TASK DIRECTIONS:
Pictures aside, quote the whole listing exactly.

RAW DATA:
⁂

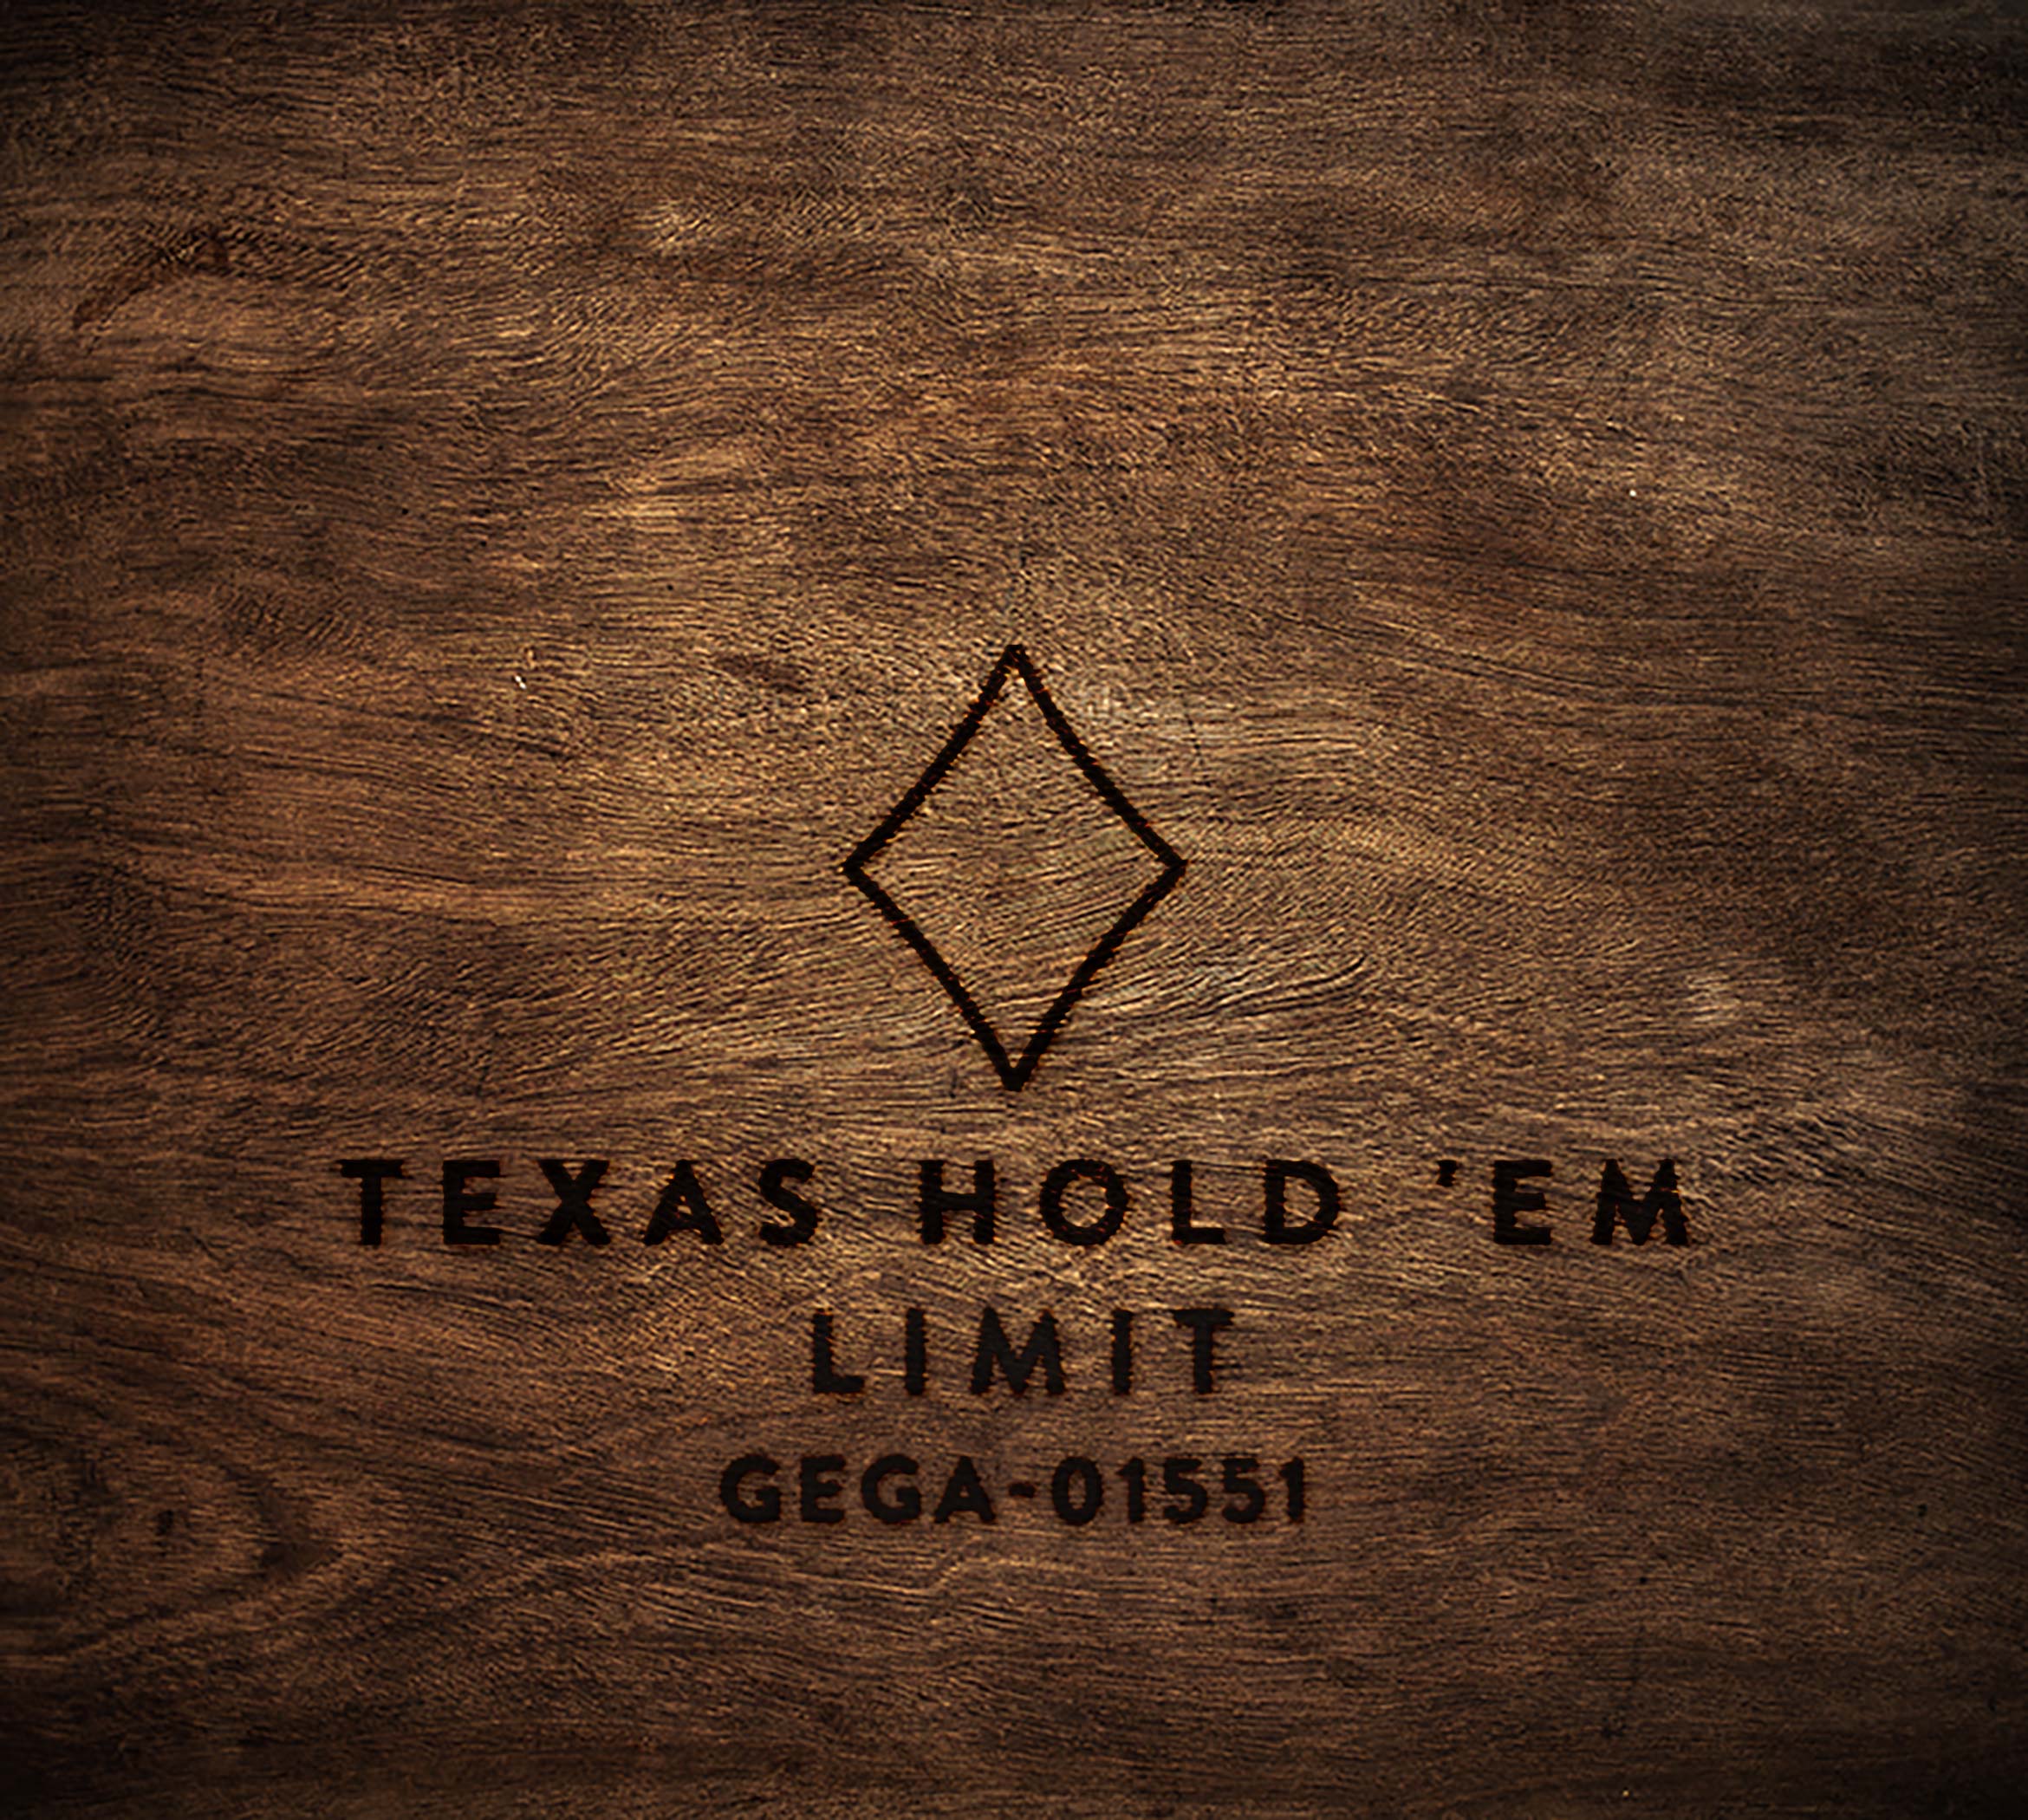 Texas Hold 'Em Limit GEGA-01551 wood square
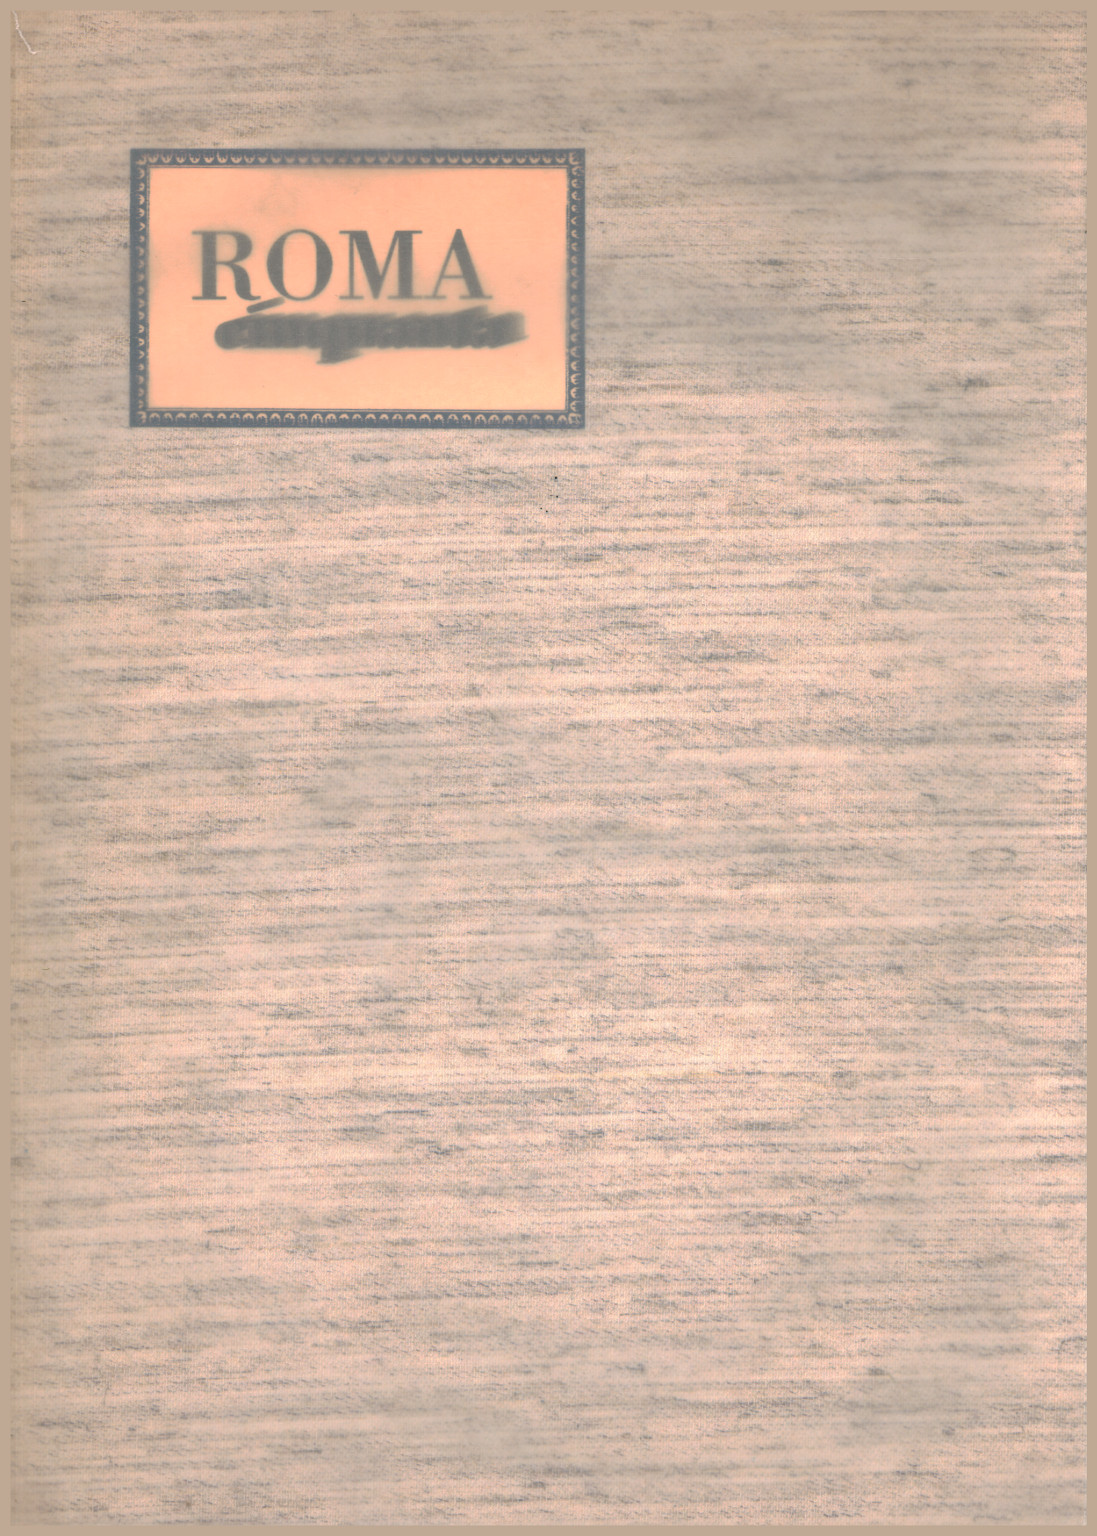 Roma cinquanta, s.a.
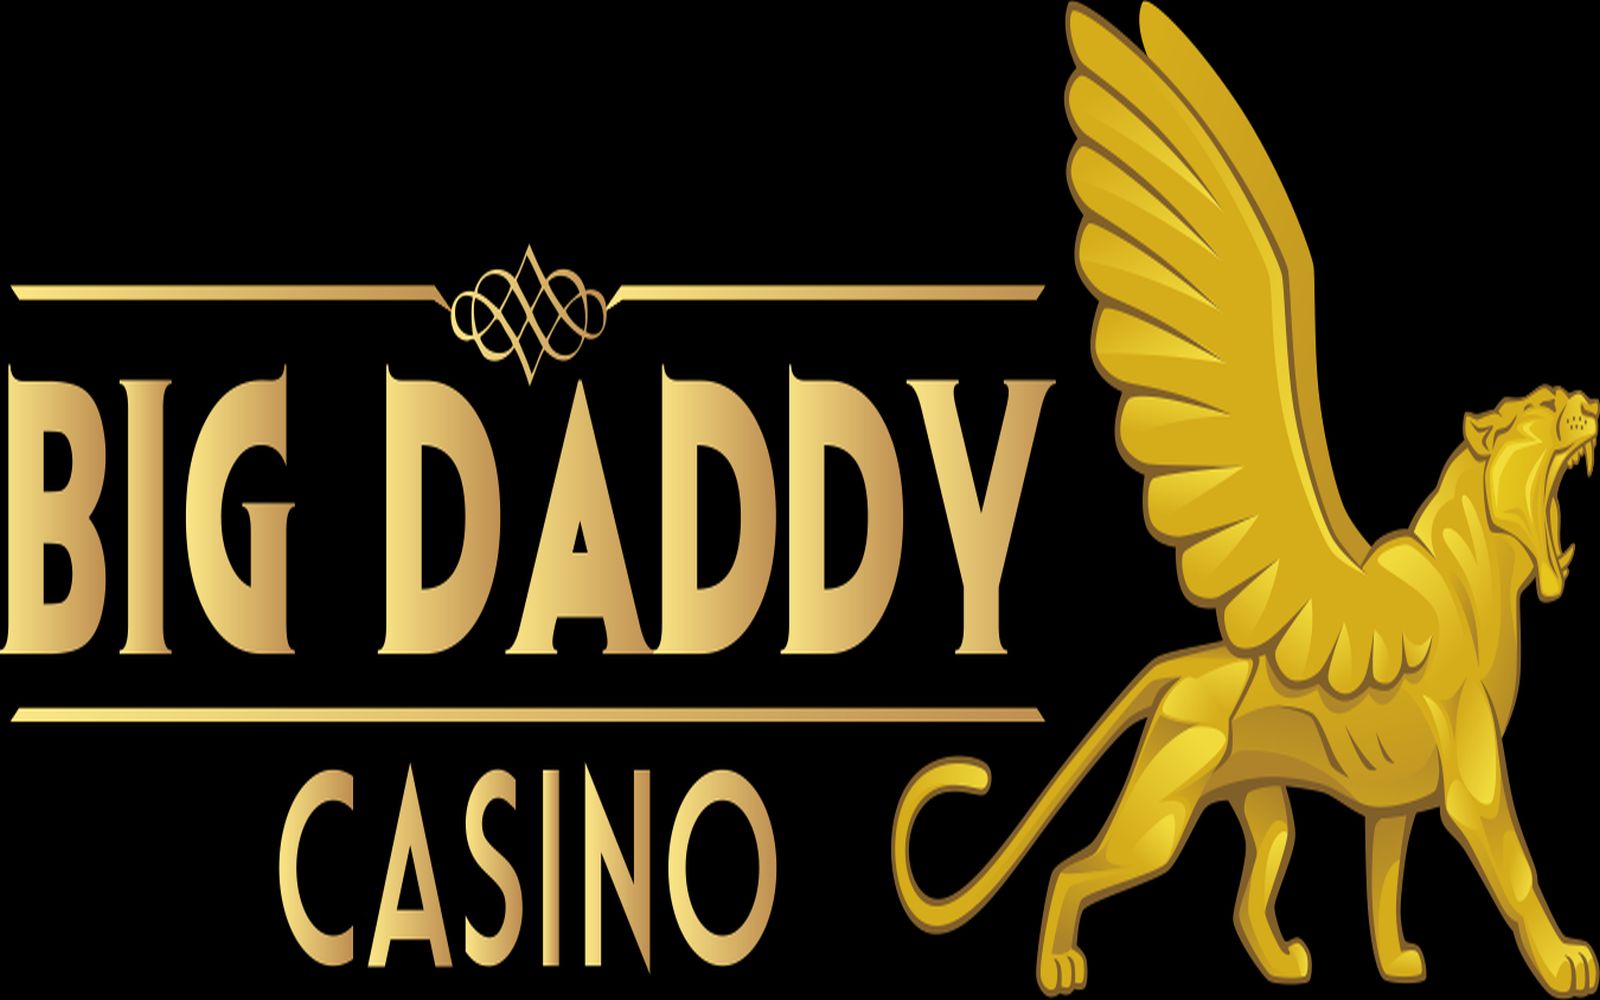 big daddy casino dan bilzerian

⁂

ANSWER BOX:
 Texas Hold 'Em Limit GEGA-01551 wood square
 Roma cinquanta, s.a.
 big daddy casino dan bilzerian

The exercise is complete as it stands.